Thanks @BarclayII for calling out. The user experience makes sense to me. I think the compatibility of different GBDT packages is less a concern. One follow up question. Many graph data have no node feature. A common practice is to have an embedding layer that is trained together with the GNN parameters. How would BGNN adapt to this case? It's ok that BGNN cannot support it and we could emphasize that in the doc if that's the case.

jermainewang commented 3 years ago

Another suggestion is to allow customizing the loss function L. For example, users may want to try out BGNN for link prediction or graph classification too.

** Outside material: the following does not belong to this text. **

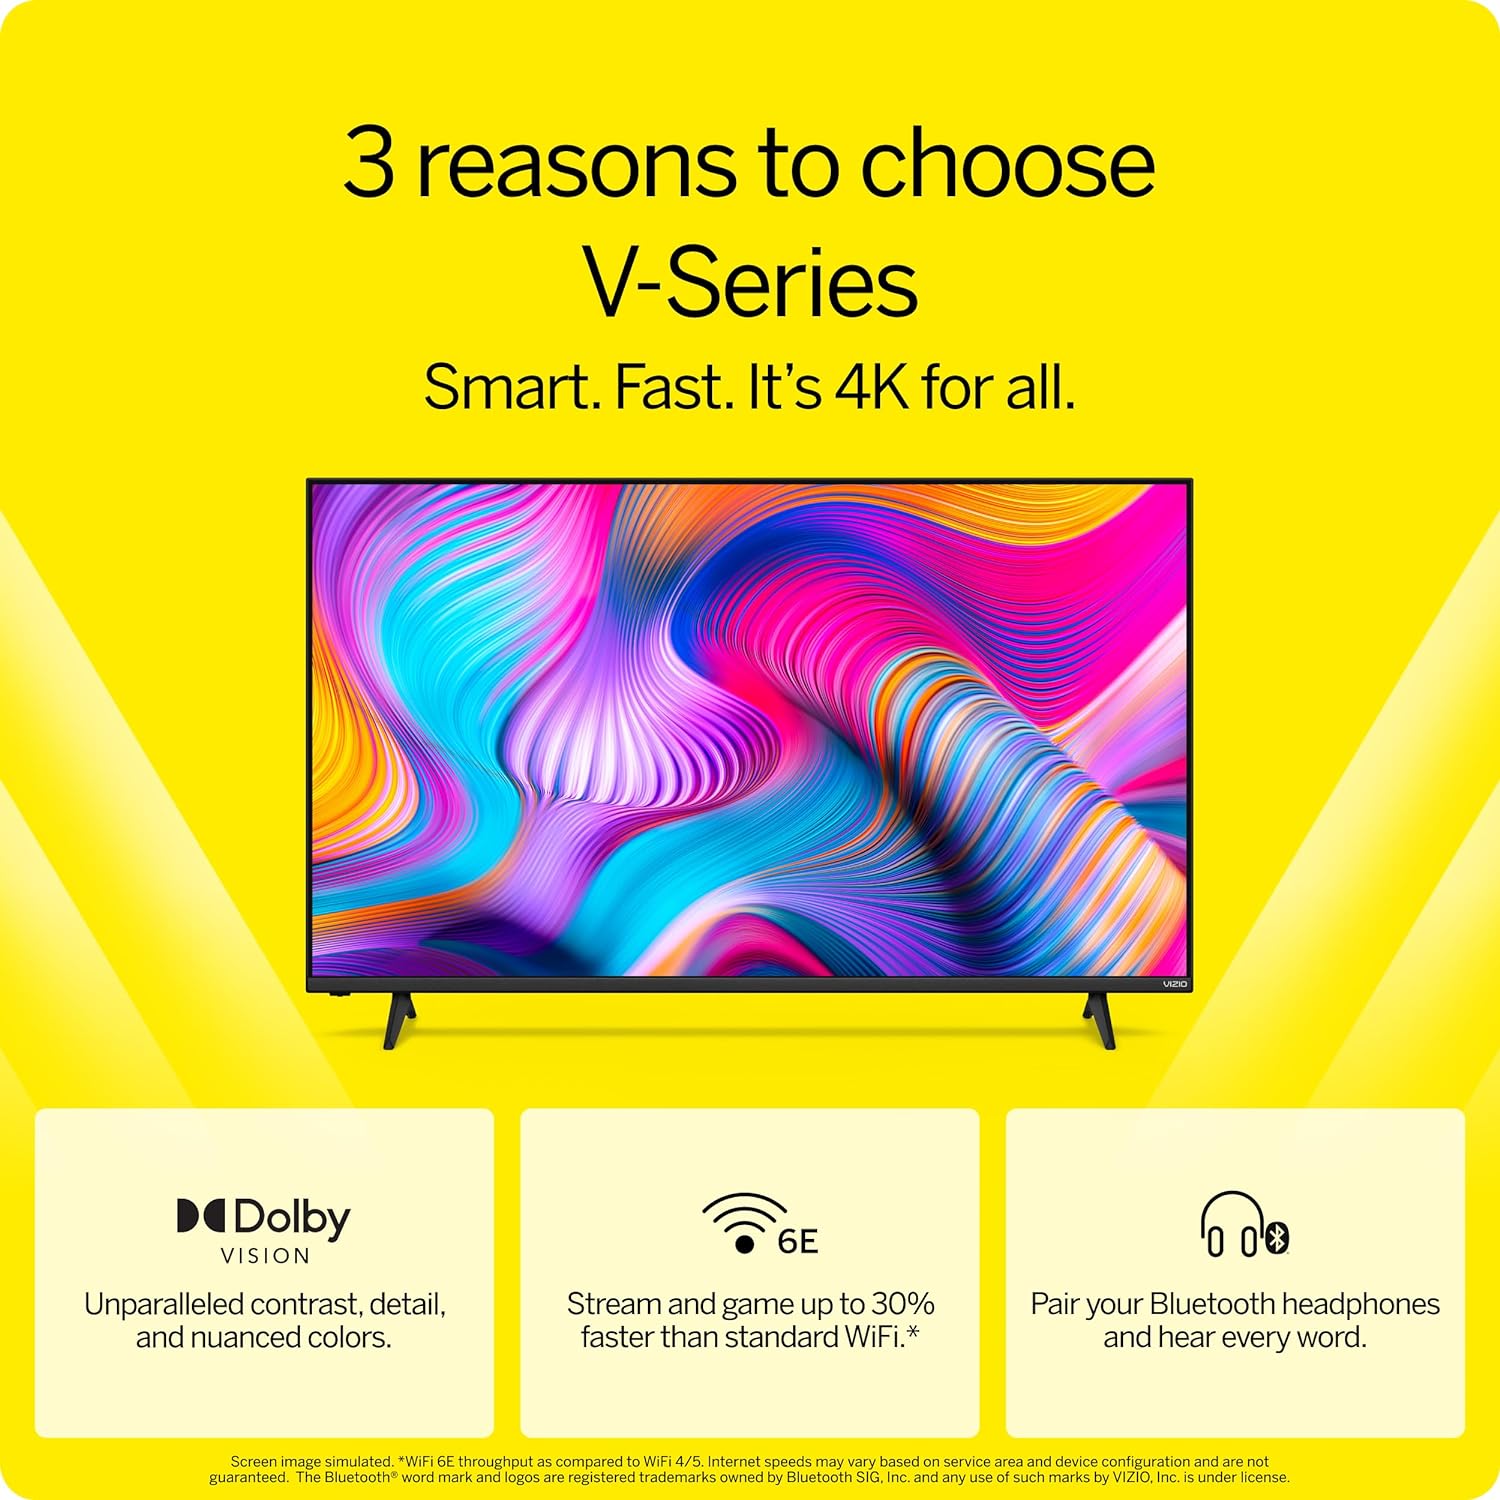 Vizio V-Series 43" 4K LED Dolby Vision HDR Smart TV with Wifi Built-In - Certified Refurbished

nd7141 commented 3 years ago

@BarclayII Your code makes sense to me. I also agree that different GBDT packages can have different interfaces. I guess one option would be to choose CatBoost as a GBDT model (though it would require making it an (optional) dependency). One reason advocating for CatBoost is that (a) it is easy to install and use, (b) it works well with categorical features, and (c) has sum_models which is used inside BGNN and allows BGNN to merge two models into one (probably it exists for other packages, I just haven't found it immediately). So overall I like the following syntax:

from dgl.optimizers import BGNNOptimizer  # namespace name is just placeholder
optim = BGNNOptimizer(
    # The GNN model
    gnn_model=GATConv(10, 20, num_heads=5))
optim.fit(graph, train_dataframe, target_labels)
result = optim.predict(graph, test_dataframe)
# Get the output GBDTs and GNN model
gbdts, gnn_model = optim.gbdts, optim.gnn_model

The users can choose any GNN model they want, while GBDT part will be taken care of inside the function. What do you think about it?

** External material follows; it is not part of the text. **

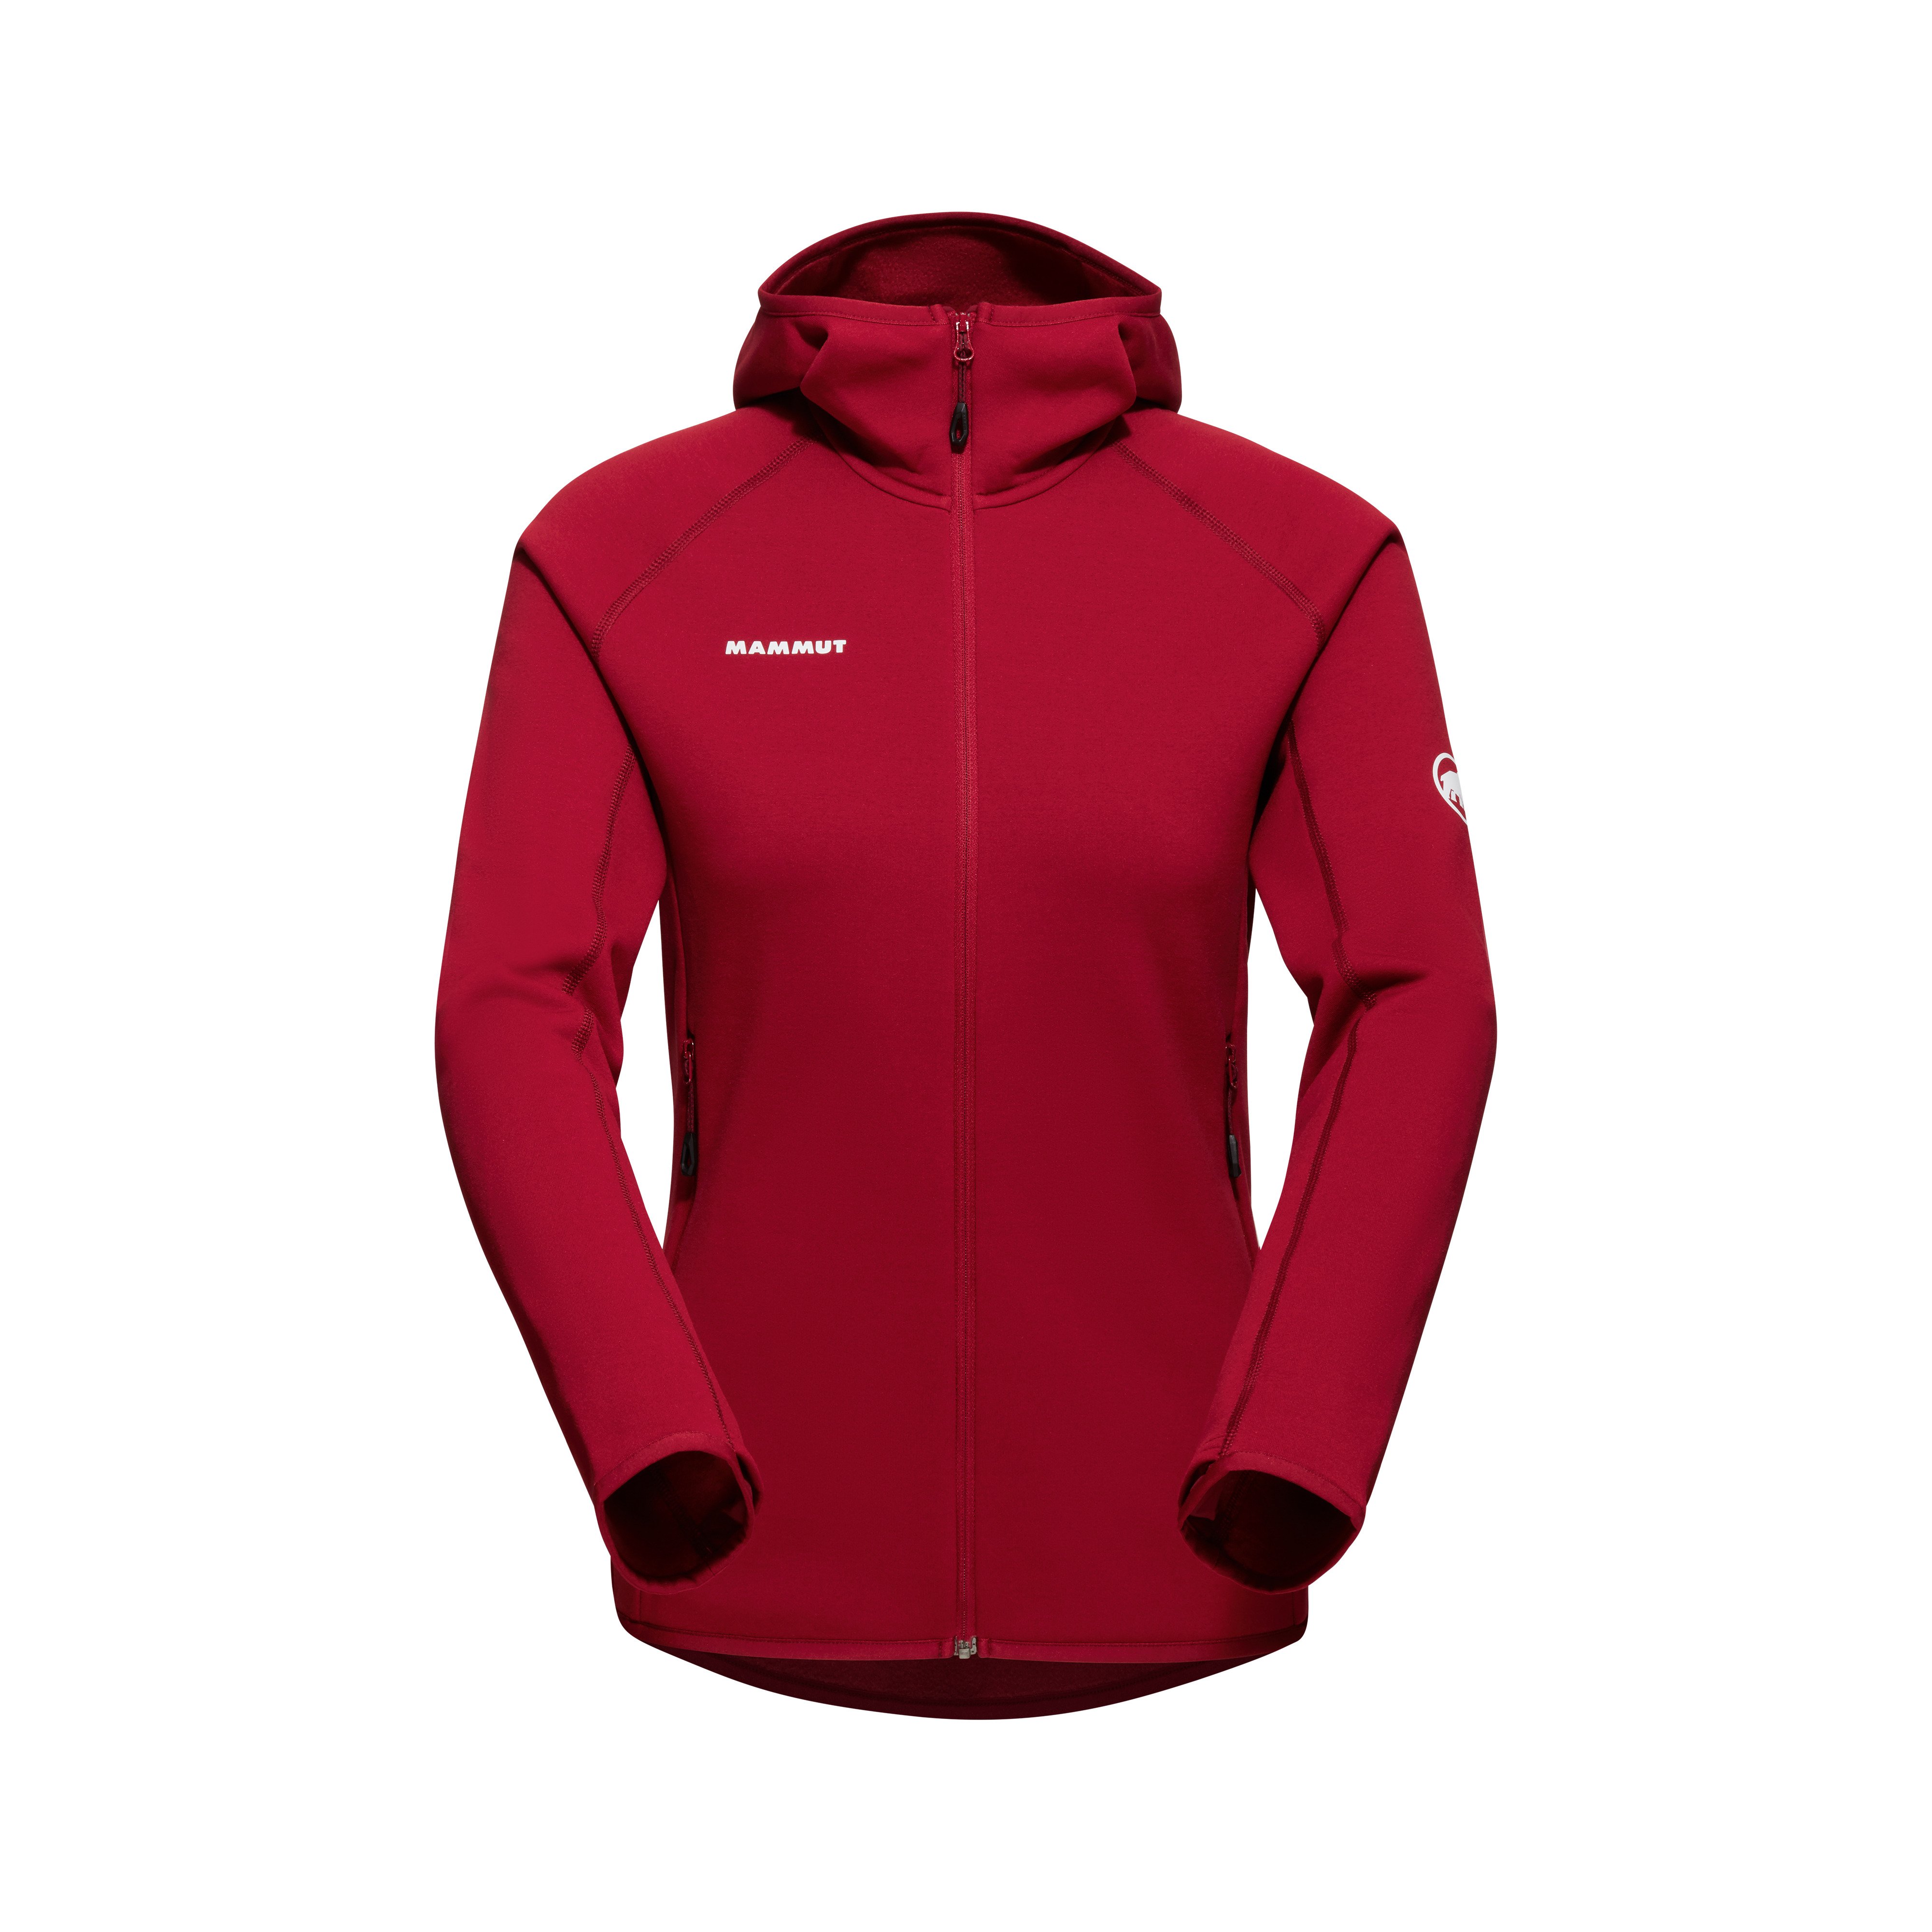 Aconcagua ML Hooded Jacket Women - blood red, M product image

nd7141 commented 3 years ago

@jermainewang

Many graph data have no node feature. A common practice is to have an embedding layer that is trained together with the GNN parameters. How would BGNN adapt to this case?

BGNN should not be used in this case, as the whole point of BGNN is to preprocess node features better than NN can do. So if there are no node features, standard GNN should be used.

Another suggestion is to allow customizing the loss function L. For example, users may want to try out BGNN for link prediction or graph classification too.

Yes, we can give users the choice of the loss function. However, for graph classification it's not clear what GBDT component should predict. Now, GBDT takes (node_features, node_label) and trains the model with it. In the case of graph classification, there are no node_labels so it's not obvious what the target should be. In theory it's possible to have some proxy such as degree of a node, but we haven't tested it yet.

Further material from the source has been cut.